You can do something for yourself on a smaller scale. Here's one of mine: My thesis advisor gave me his favorite slide rule when I received my Ph.D. It had been given to him by his advisor when he received his. It became my favorite. I used it regularly and wondered about the legacy of calculations that were used to build conjectures and hypothesis through their careers. Every now and again I wondered what I'd do with it. About twenty years ago a very unusual Summer student came along. Art and computer science, she ended up at an animation company. In slide rule had been used for a certain type of story telling.. small corners of the fundamentals of Nature. I gave it to her some time ago so I could enjoy the link between the past and the future. One type of story telling changing into another. She says it's very special to her and gets use for calculations used in making films that tell stories. Wondering who she gives it to and what path and stories it might inspire gives me pleasure and hope.

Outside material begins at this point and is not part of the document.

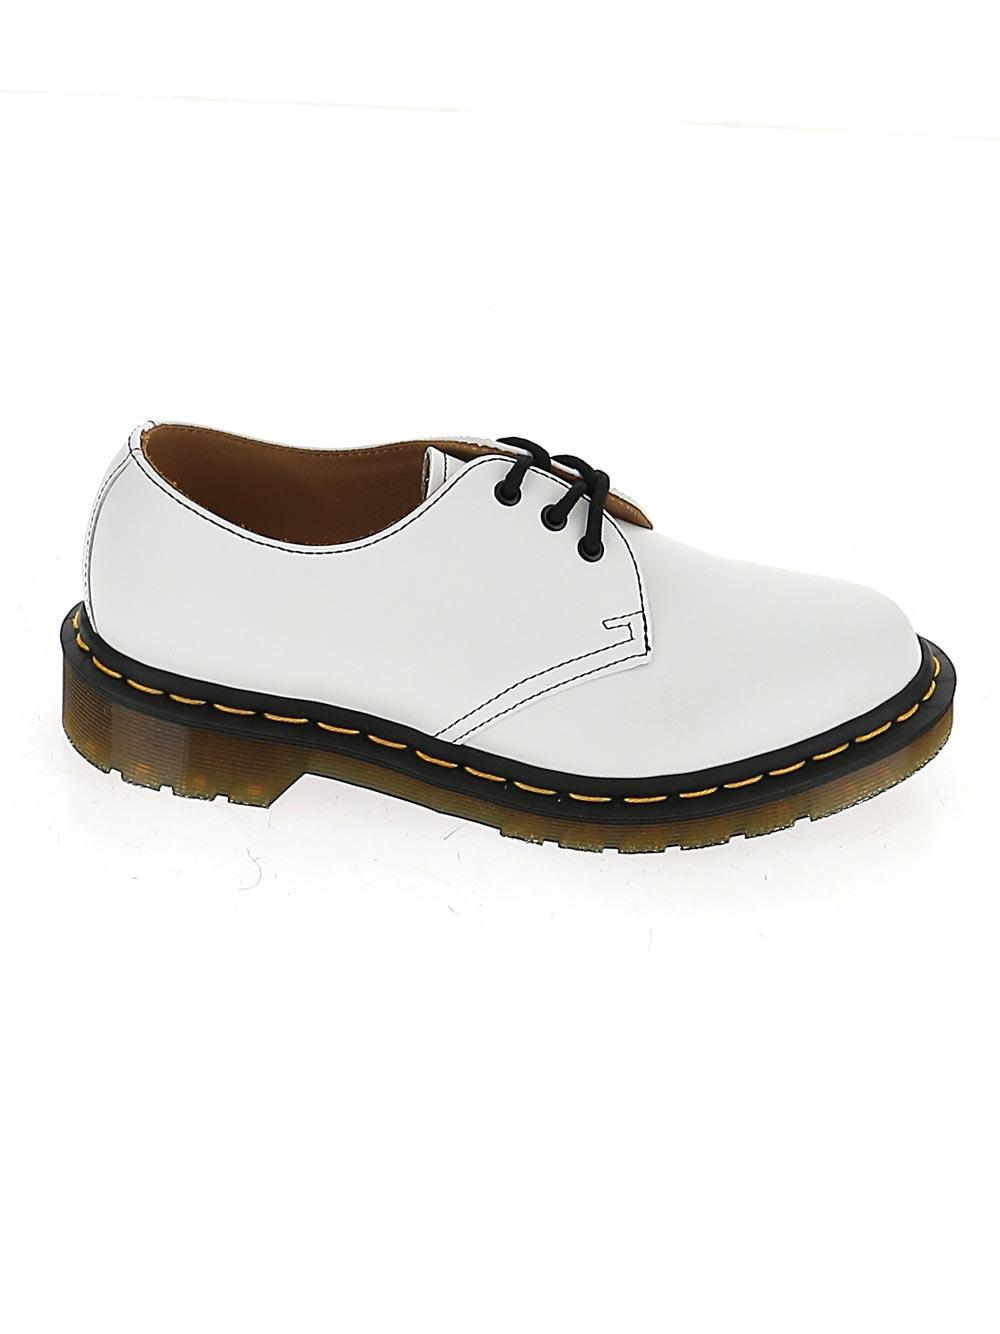 Comme des Garçons Leather X Dr. Martens Derby Shoes in White - Lyst

In my work I have to think of a variety of time scales. Some events at the subatomic level take place in a under a billionth of a billionth of a second. At the scale of the Universe some things have been around for billions of years and will be around much much longer. These times so foreign as to be abstract. A few weeks ago one of you sent a note from the Grand Canyon that was filled with wonder inspired by that slow geological process that created it. Wonderful experiences to stir the imagination. We should seek out these experiences, but I find staying in human time scales and thinking about and building legacies lets me live in a slightly better future and gives me hope. Set your mind some distance in the future and think of something good you'd like to see there or something bad you'd like to change. With a target maybe you can imagine a path and help work towards it. It gives us a way to not discount future people and their world.
Scribbler Moon? That's the title of Margaret Atwood's book you won't read, but maybe your great great grandkid will..
I like so many of your posts Steve, but this is my favorite. It kept me up most of last night thinking.